LLVM vs JVM
Compile time:
- JVM: compiles source code (e.g. Java / Kotlin / Scala) to bytecode;
- LLVM:
- front-end (e.g. Clang / Flang) compiles source code to IR (intermediate representation, IR was designed from the beginning to be a portable assembly.)
- back-end turns IR into a native binary executable.
Runtime:
- JVM: garbage collection, access to resources, etc. JVM is an interpreter for Java bytecode, It has to be running during program execution. (Bigger size and higher overhead).
- LLVM: not needed during runtime (since it generates architecture specific executables in advance)

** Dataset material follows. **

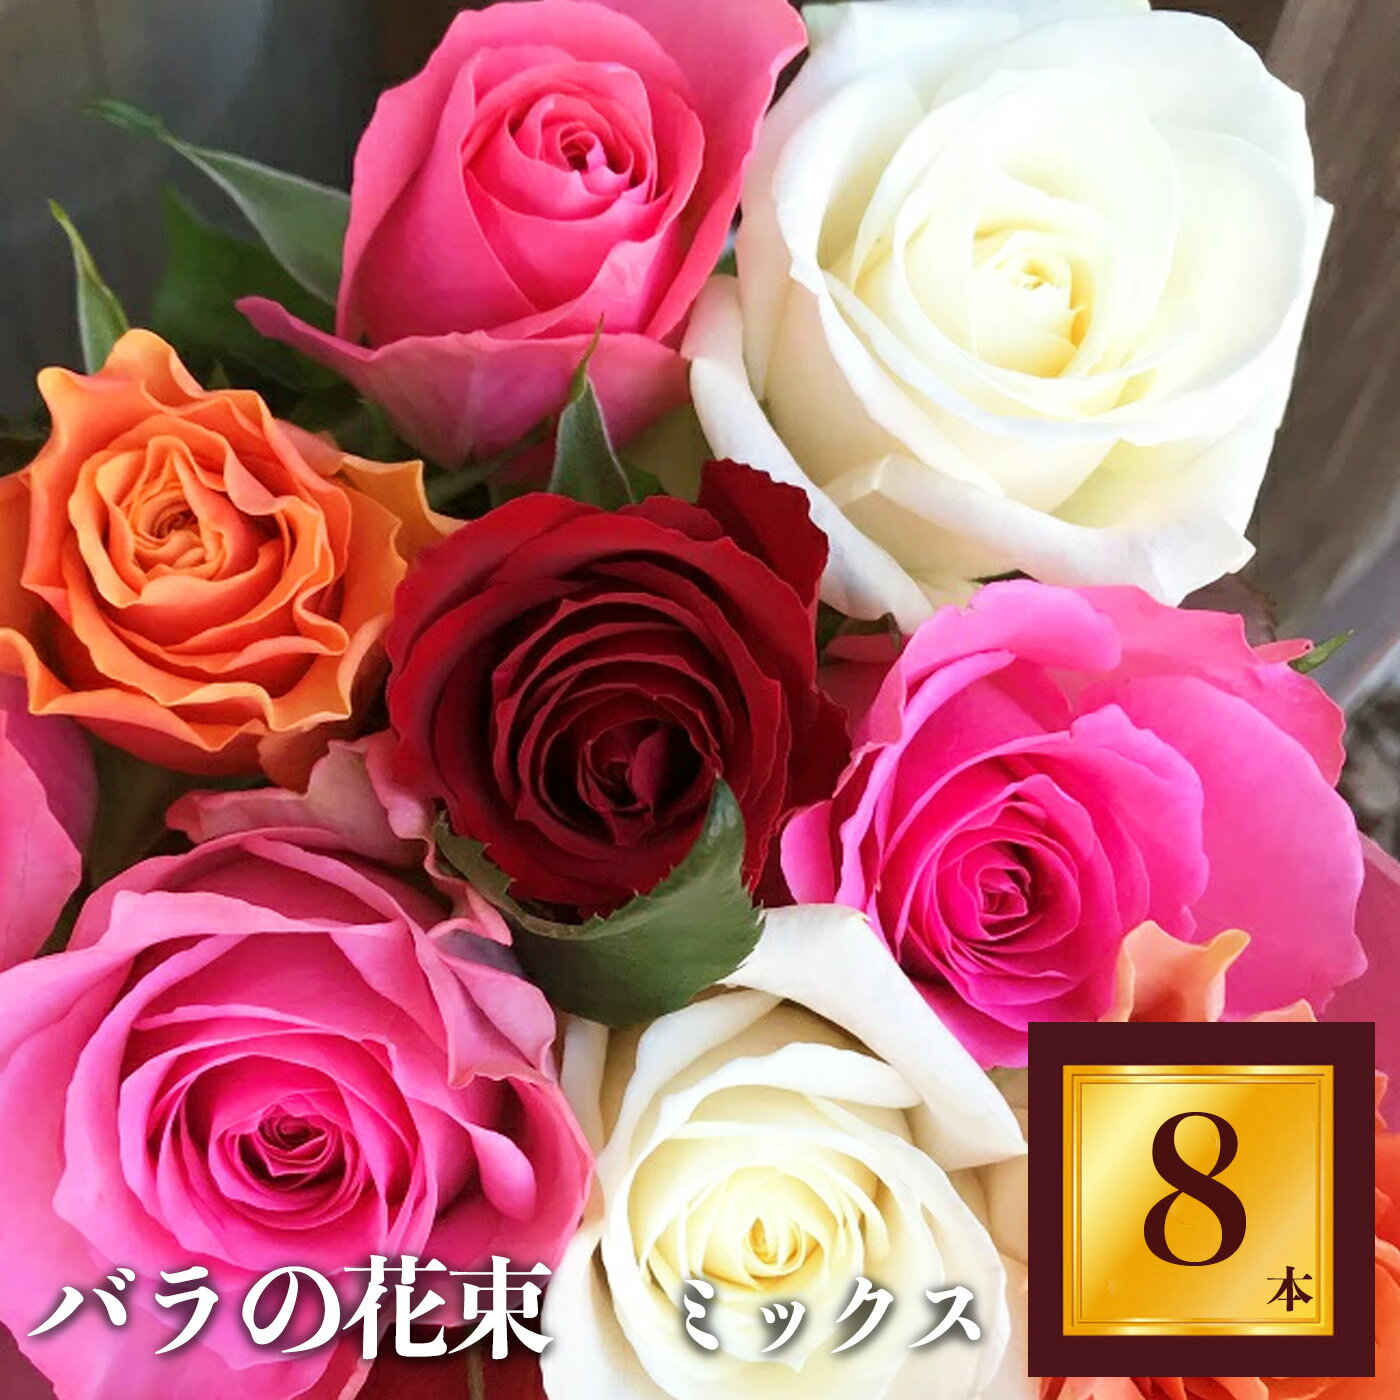 Heguri Rose バラの花束(8本)ローズ フラワー 花 新鮮 高品質 綺麗 平群のバラ 花束 平群ブランド 誕生日 記念日 お祝い
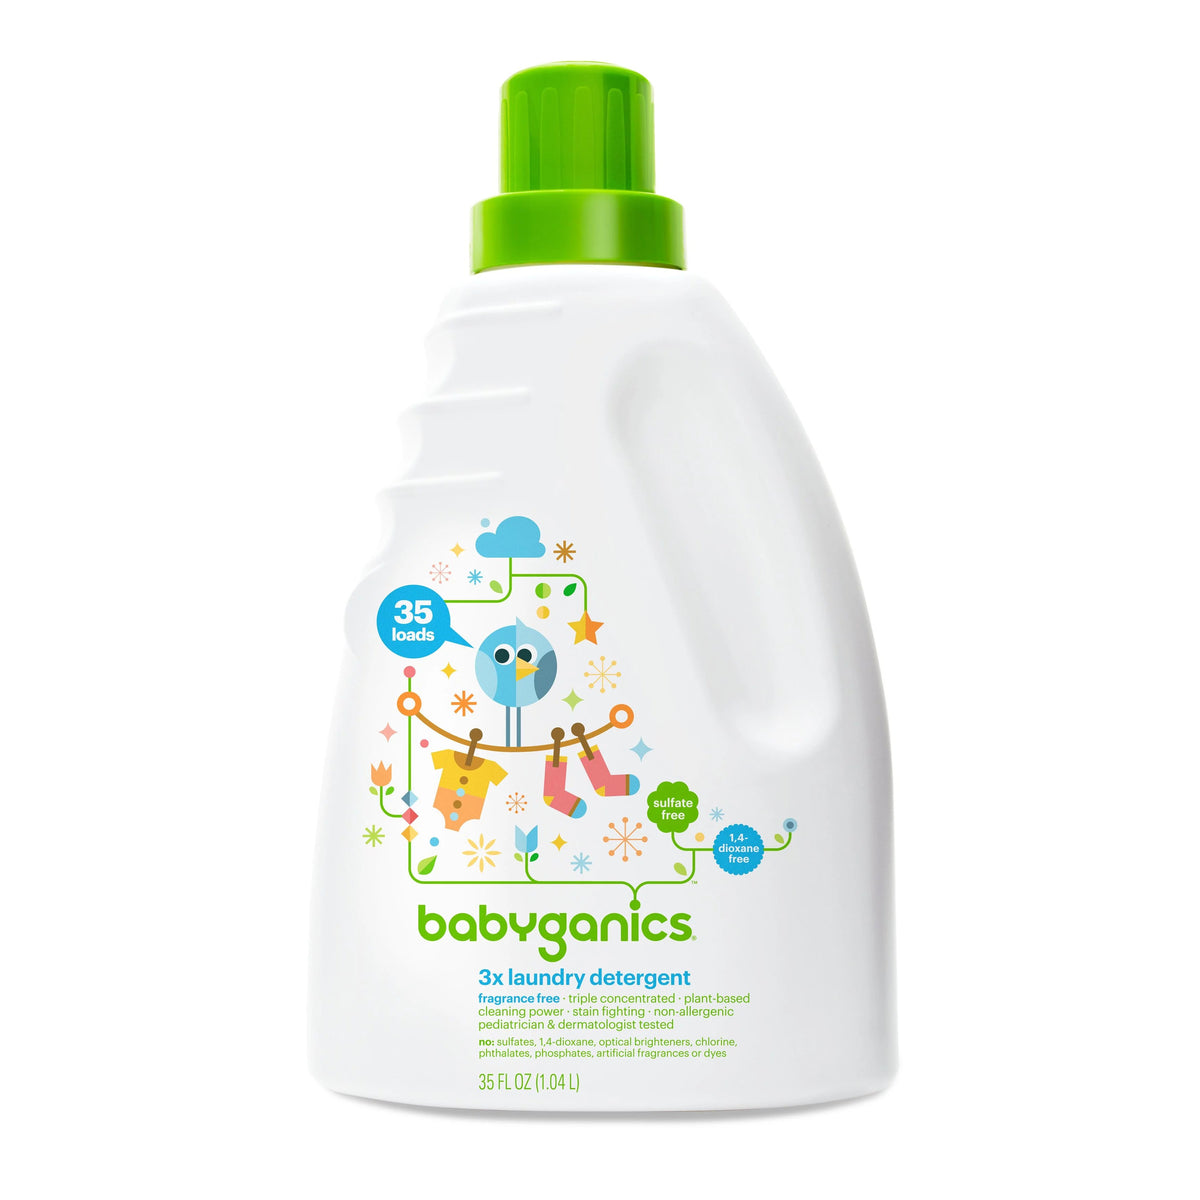 babyganics-3x-laundry-detergent-fragrance-free-104l- (1)

Just-in-time and Ahead-of-time
As discussed above, LLVM is primarily ahead-of-time, JVM is primarily just-in-time.
LLVM also supports just-in-time compiling (based on the generated IR), since in some cases code needs to be generated on the fly, e.g. when using REPL in Julia. (lli
: directly executes programs in LLVM bitcode format. It takes a program in LLVM bitcode format and executes it using a just-in-time compiler or an interpreter.)
GraalVM can compile JAVA application ahead-of-time to native binaries.
register-based vs stack-based
- LLVM: low level, register-based virtual machine. It is designed to abstract the underlying hardware and draw a clean line between a compiler back-end (machine code generation) and front-end (parsing, etc.).
- JVM: higher level, stack-based virtual machine (rather than loading values into registers, JVM bytecode loads values onto a stack and computes values from there).
Cross Language
Because of IR and bytecode, both LLVM and JVM can support multiple languages.
- LLVM: C, C++, Rust, Swift, Fortran, Kotlin/Native, etc.
- JVM: Java, Kotlin/JVM, Scala, Groovy, Closure, etc.
- GraalVM: Java, JavaScript, Python, Ruby, R, WASM, etc.
LLVM provide primitives for common programming languages features. E.g. functions, global variables, coroutines and C foreign-function interfaces. LLVM has many of these as standard elements in its IR. The split of front-end and backend-end frees high-level language compilers from having to target every platform (they only need to emit LLVM intermediate representation).
LLVM front-ends:
- Clang: for C family of languages, e.g. C, C++, Objective-C
- Flang: for Fortran, added in LLVM 13
Implementation
- LLVM itself is written in C++; it provides C and C++ APIs.
- OpenSDK is written in C++.
- GraalVM is written in Java.